ACTIVITY
Write out the data exactly, please, and omit the pictures.

INFORMATION SUPPLIED
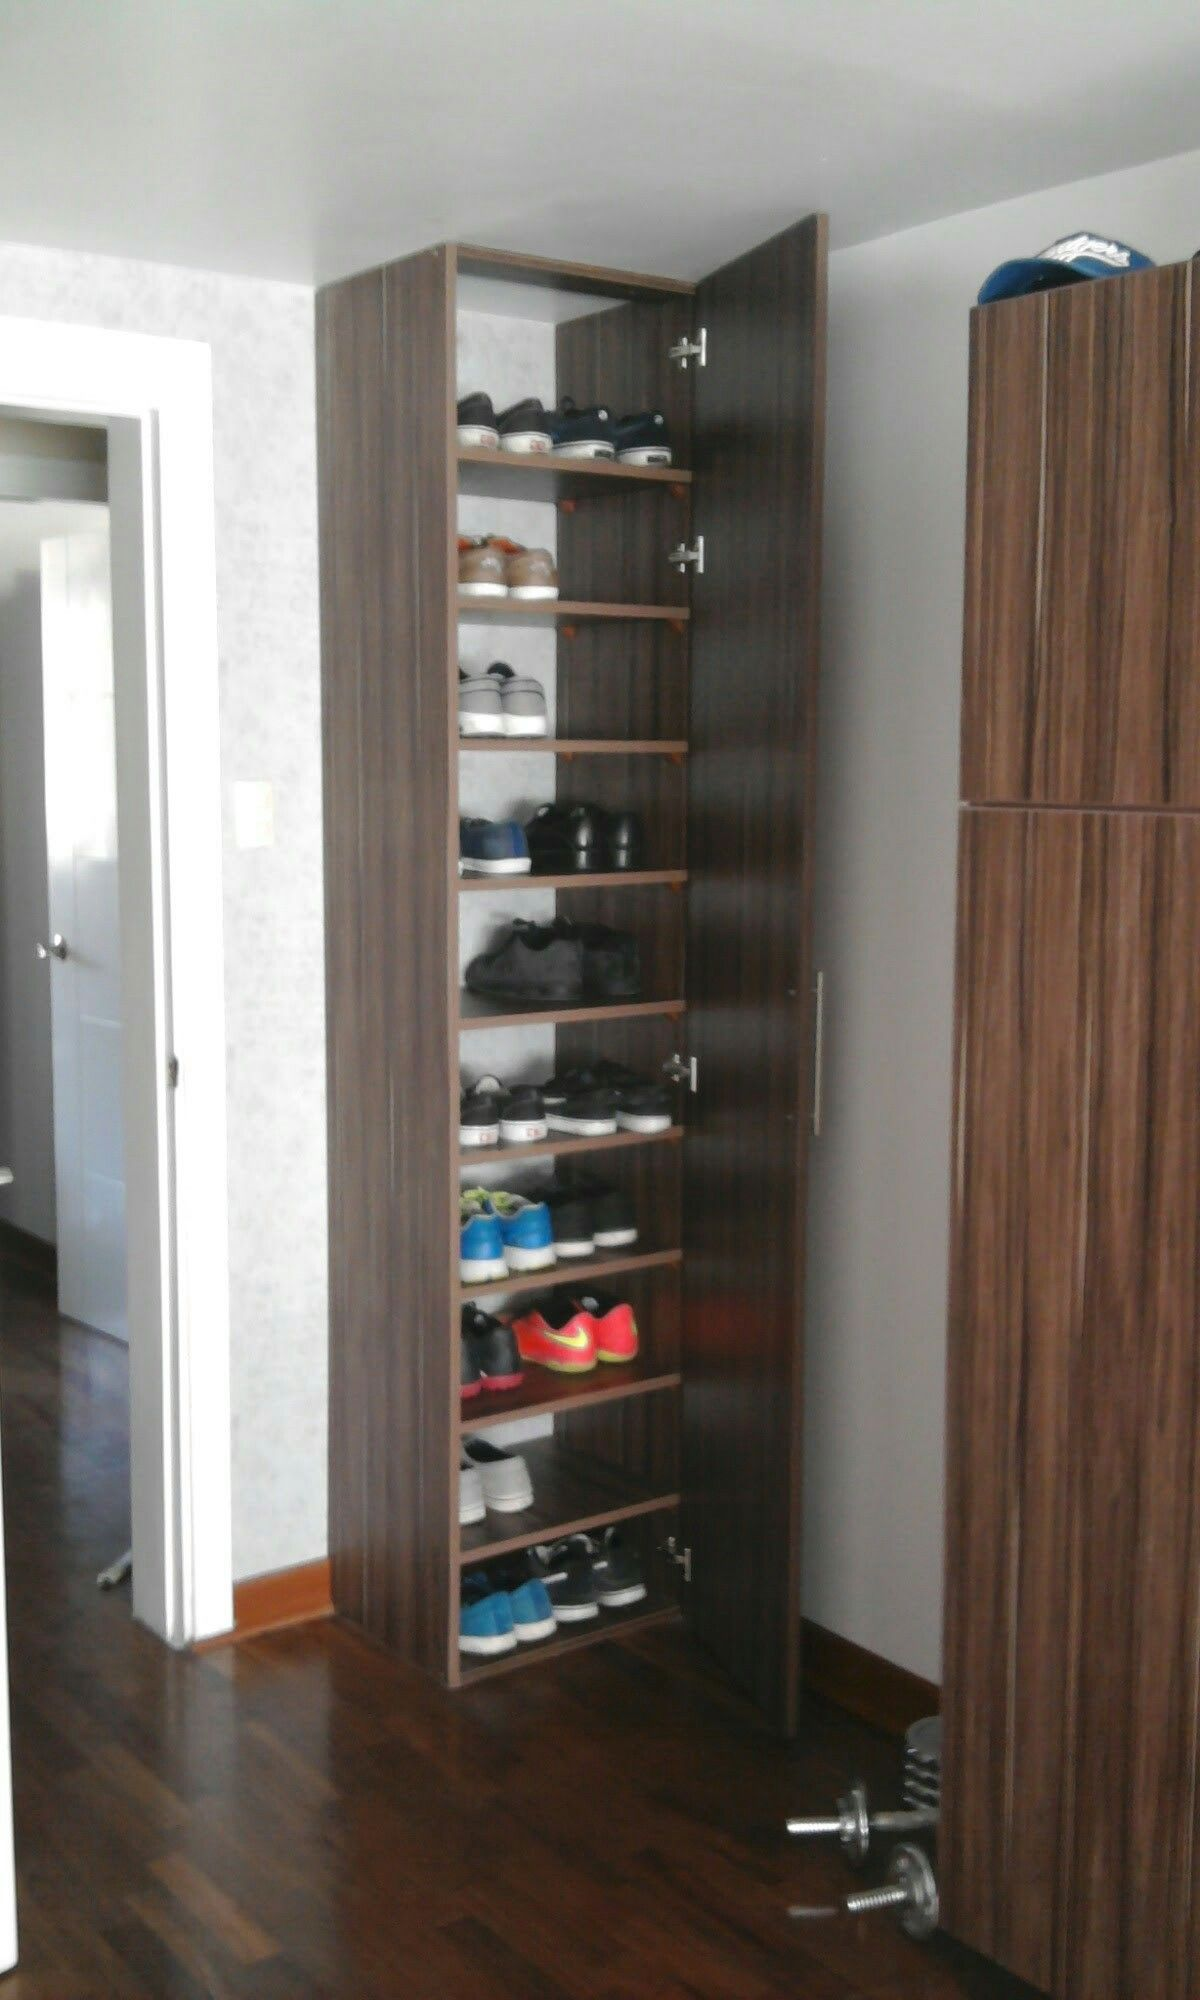 Zapatera repisas in 2019 mueble zapatero zapateras de - Armarios para zapatos ...
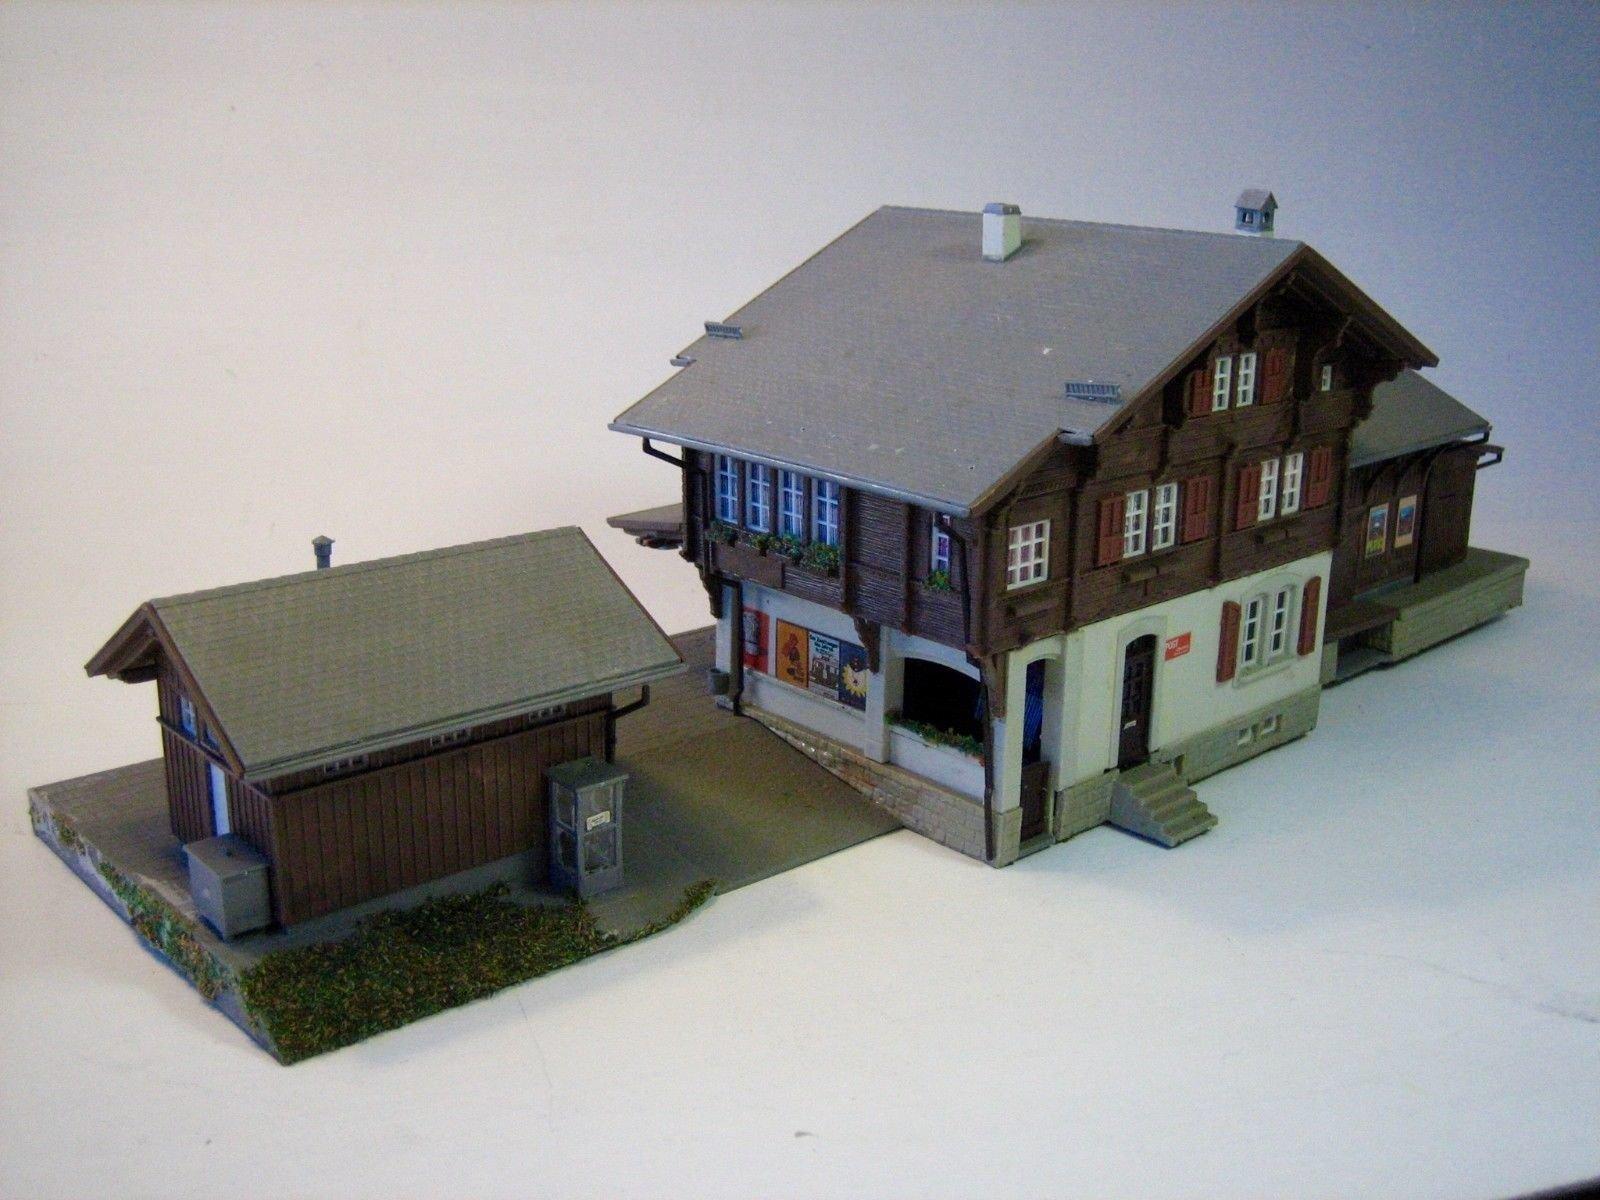 SC001 KIBRI 'OBERRIED' SWISS CHALET RAILWAY STATION
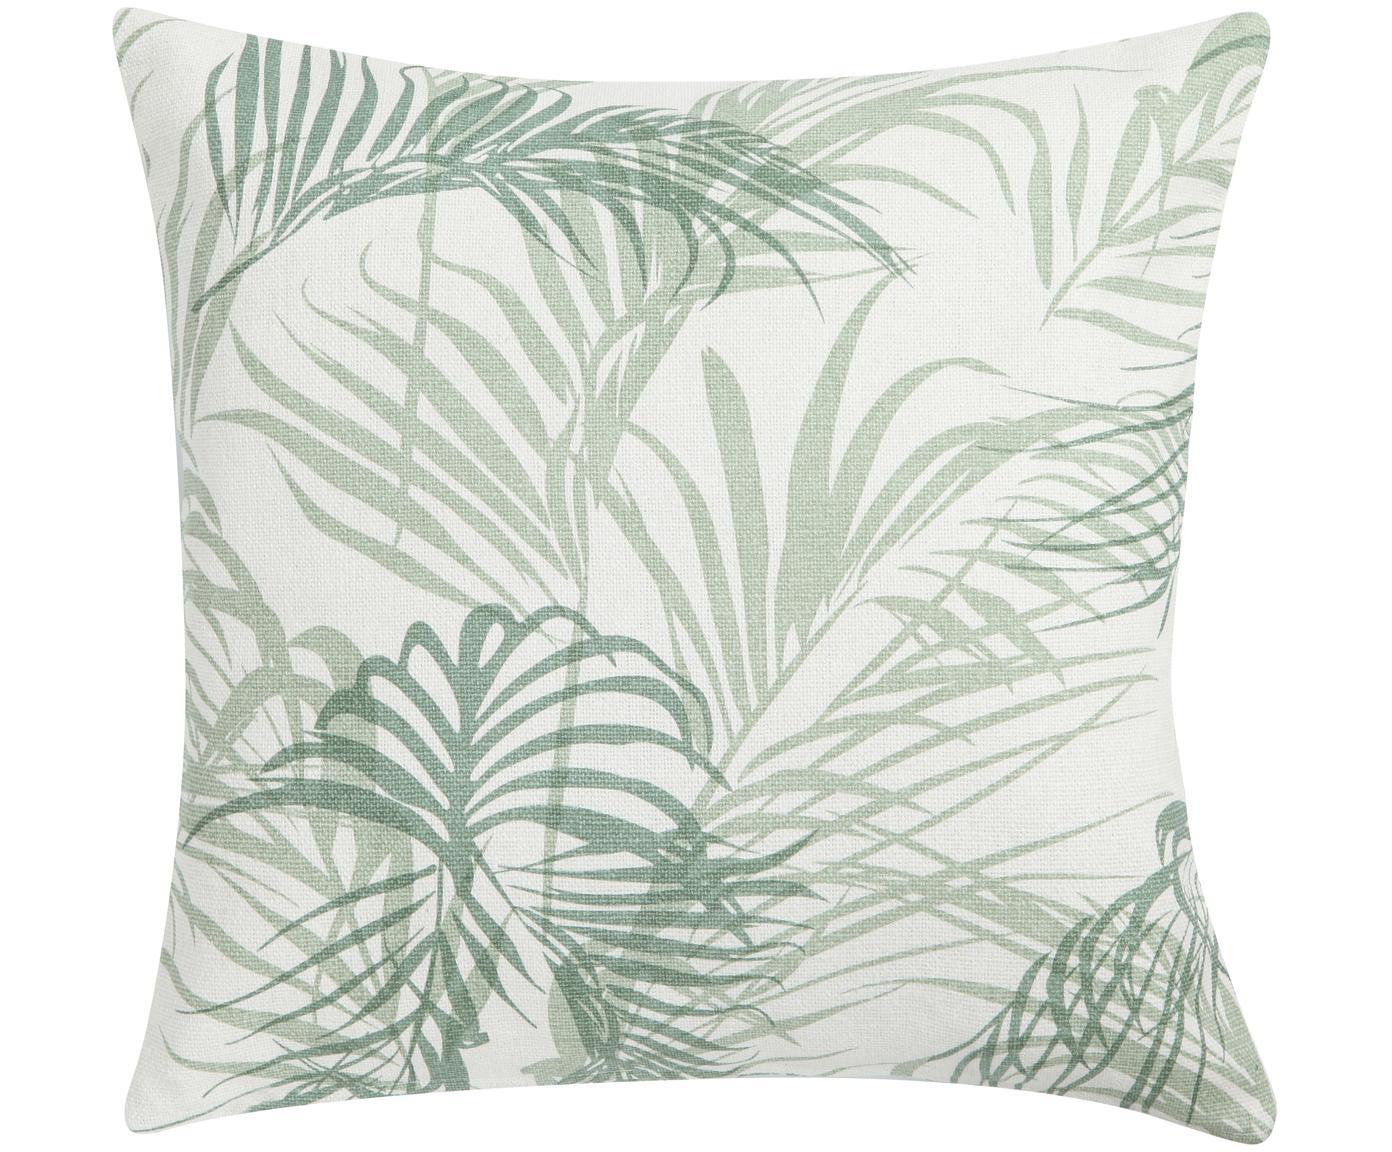 Cojín Palm Leaf, con relleno, Funda: 100%algodón, Blanco crudo, verde, An 45 x L 45 cm

SOLVED EXERCISE
 Zapatera repisas in 2019 mueble zapatero zapateras de - Armarios para zapatos ...
 SC001 KIBRI 'OBERRIED' SWISS CHALET RAILWAY STATION
 Cojín Palm Leaf, con relleno, Funda: 100%algodón, Blanco crudo, verde, An 45 x L 45 cm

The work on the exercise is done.